HOW TO COMPLETE THIS TASK: Repeat exactly the line with "Track the budget of your projects in Jira" and each line after it to the end of the data below; pictures stay out.

-- PROVIDED DATA follows --

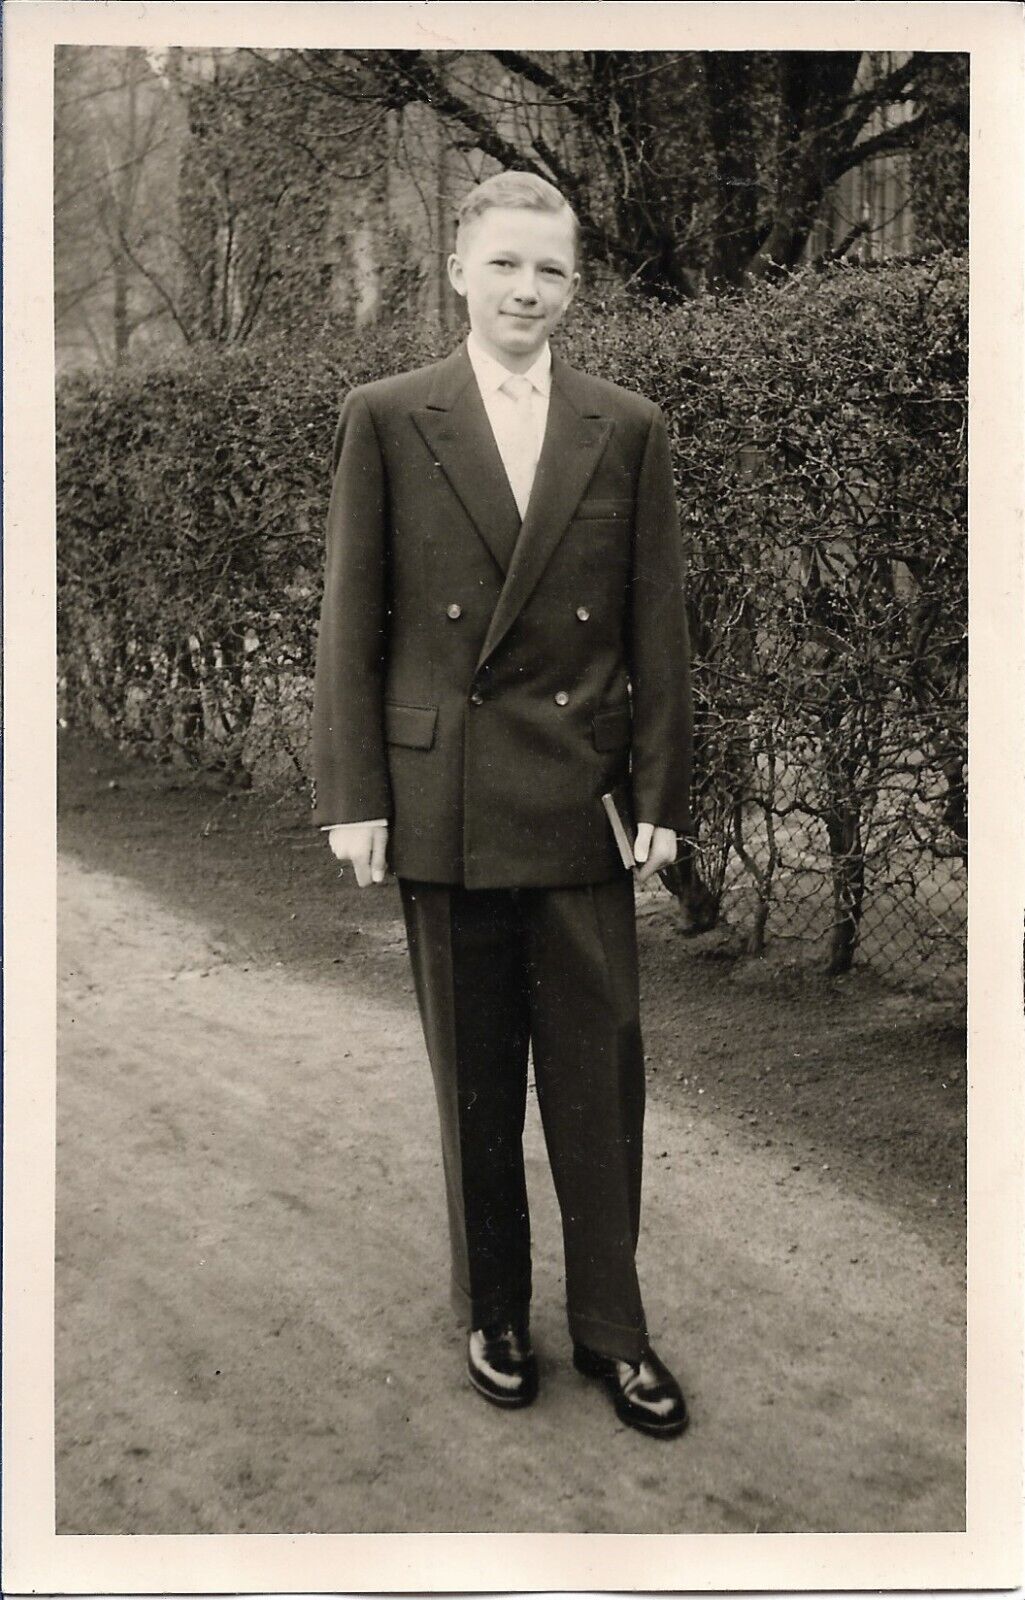 Young Man In Suit Photograph Vintage 1930s RPPC Outdoors 3 1/2 x 5 1/2
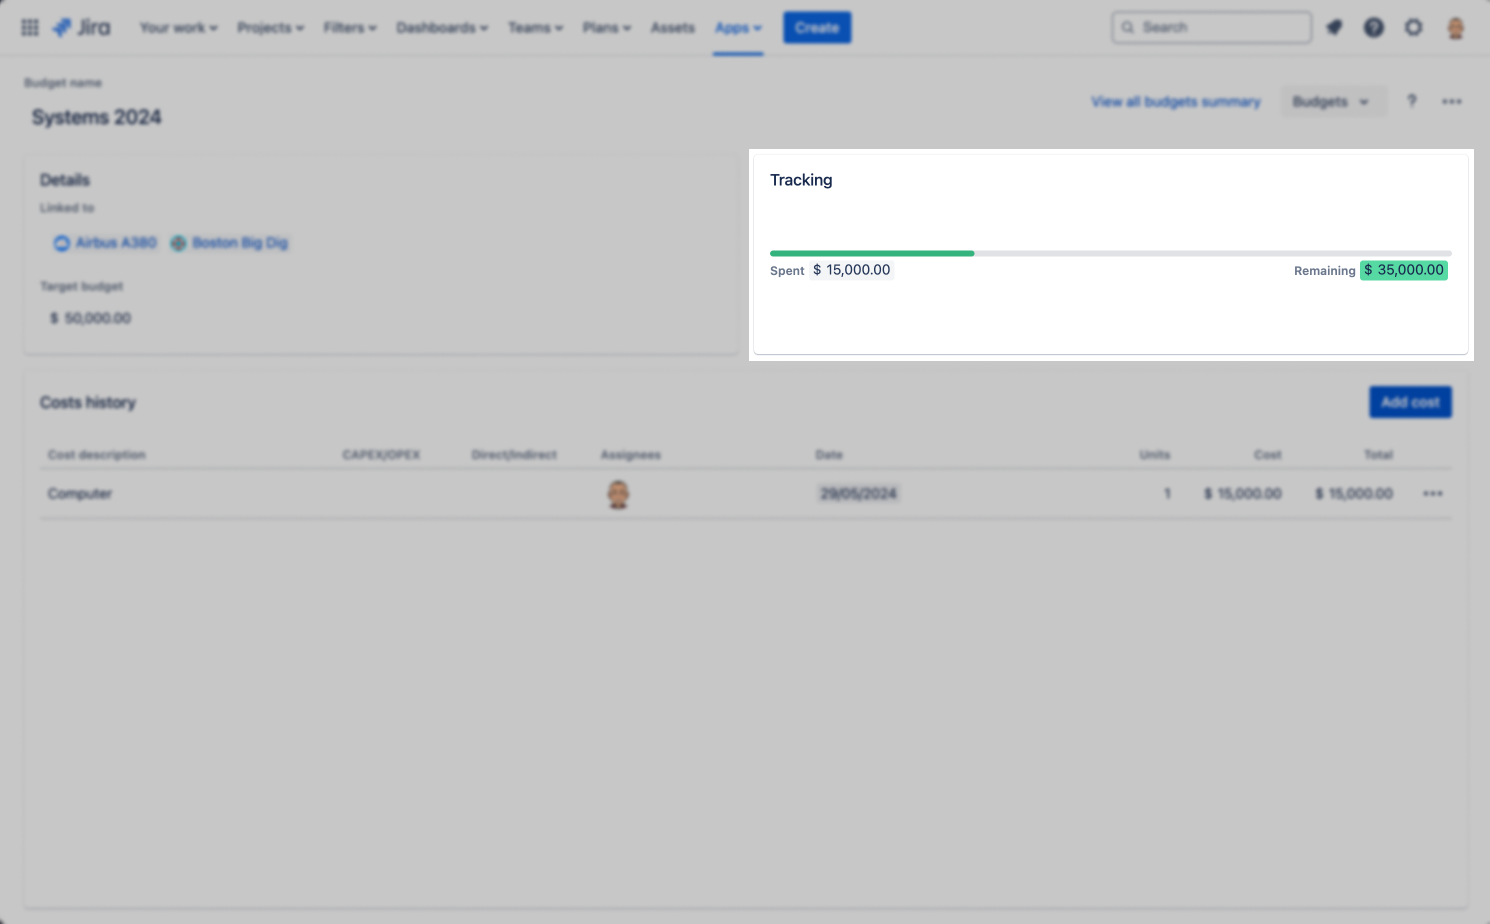 Track the budget of your projects in Jira
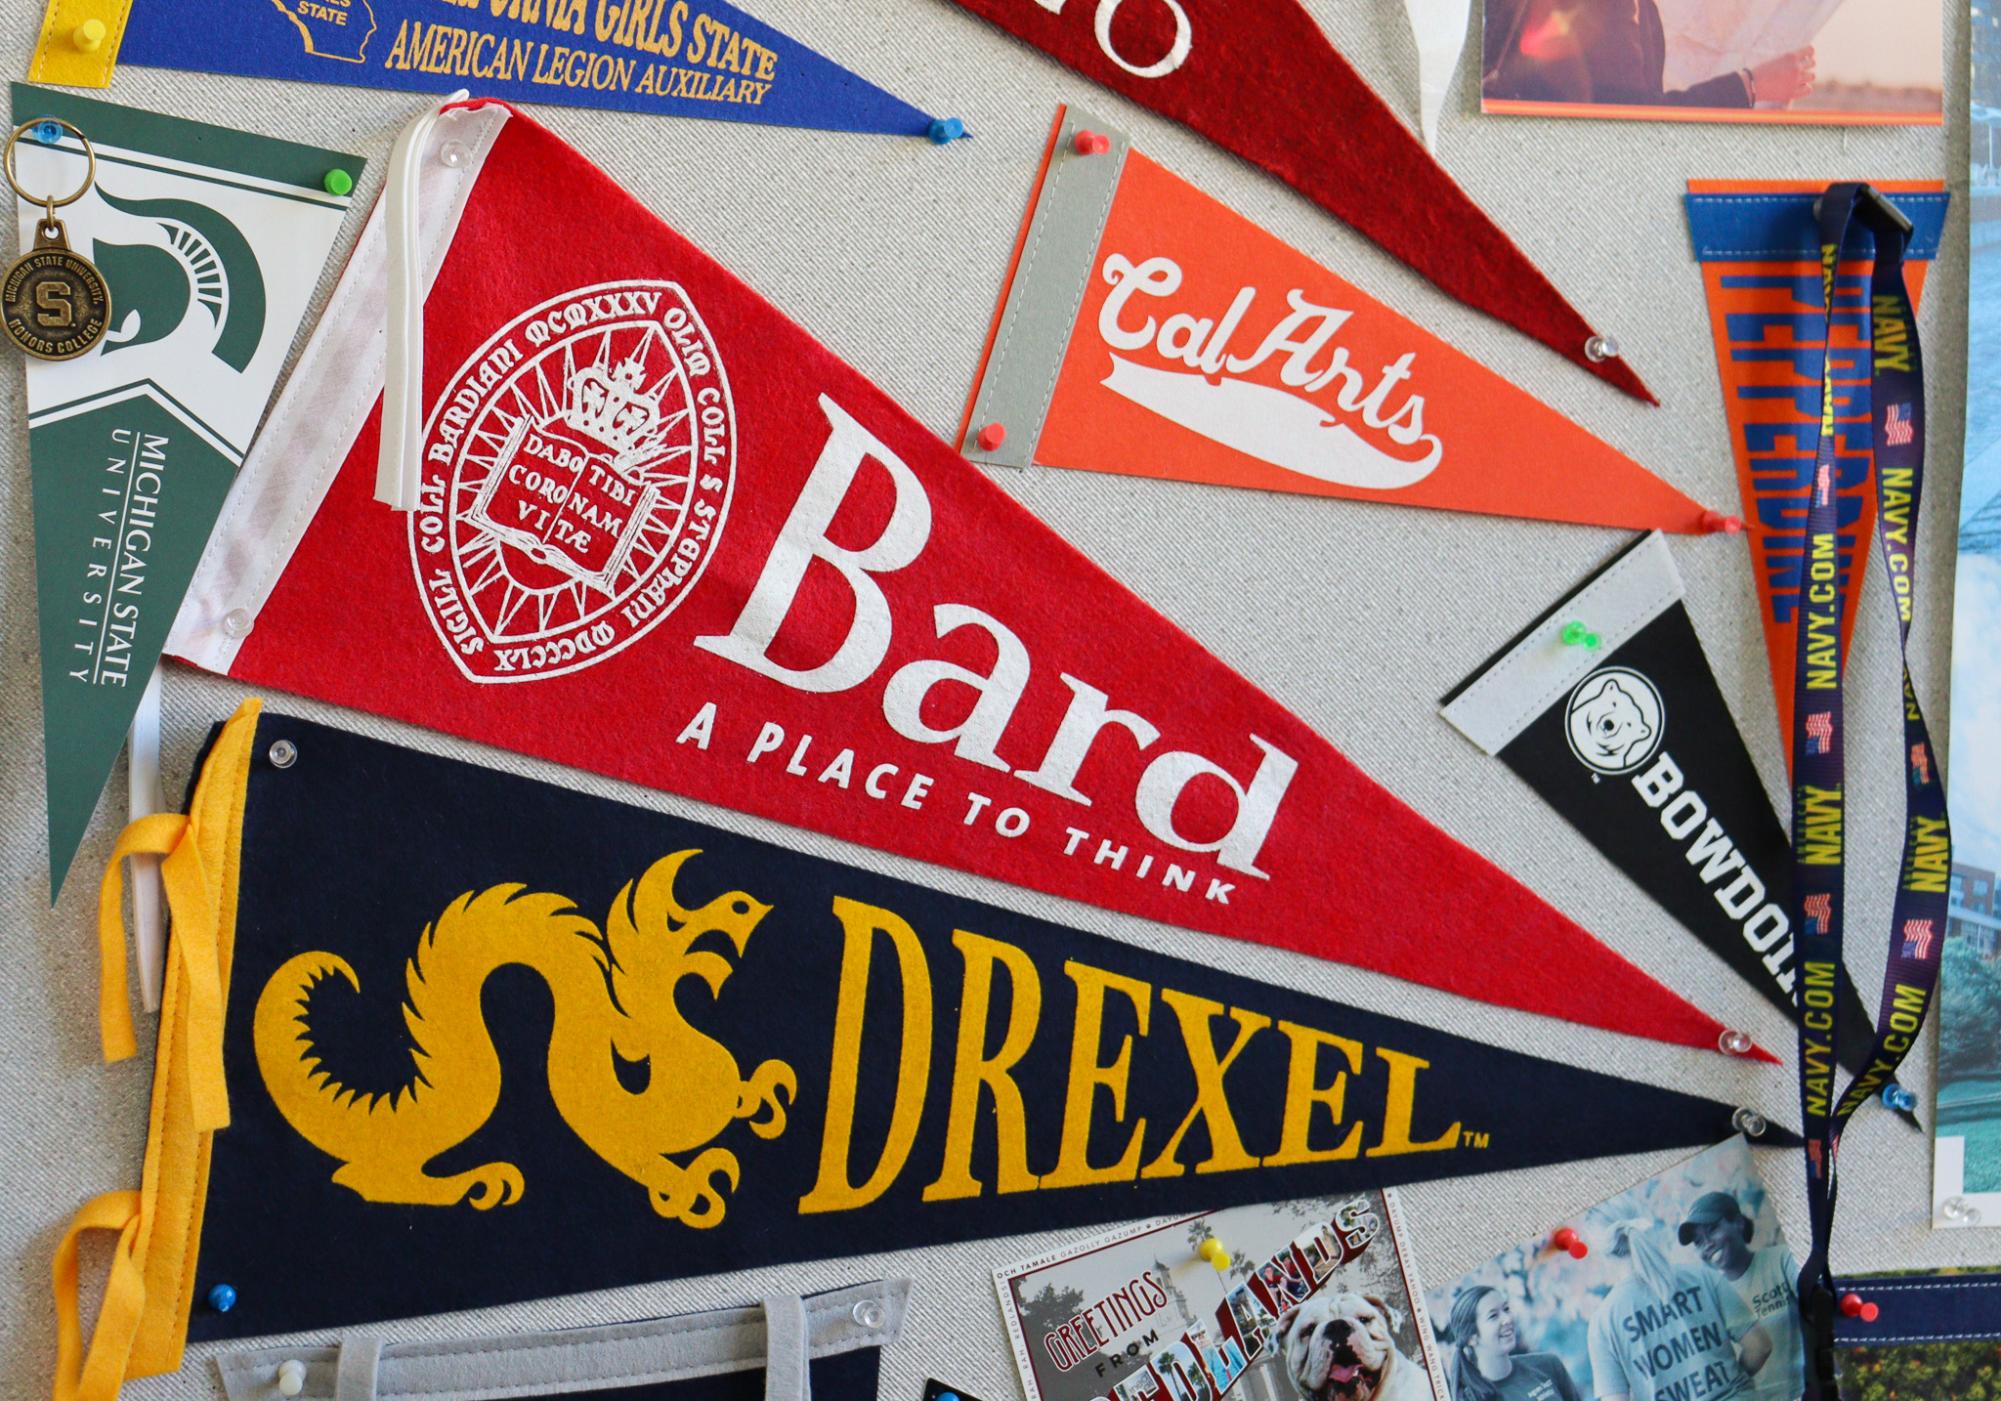 The College and Career Center at Archie Williams displays different college banners.

-- PROVIDED DATA concluded --

THE ANSWER:
 Track the budget of your projects in Jira
 The College and Career Center at Archie Williams displays different college banners.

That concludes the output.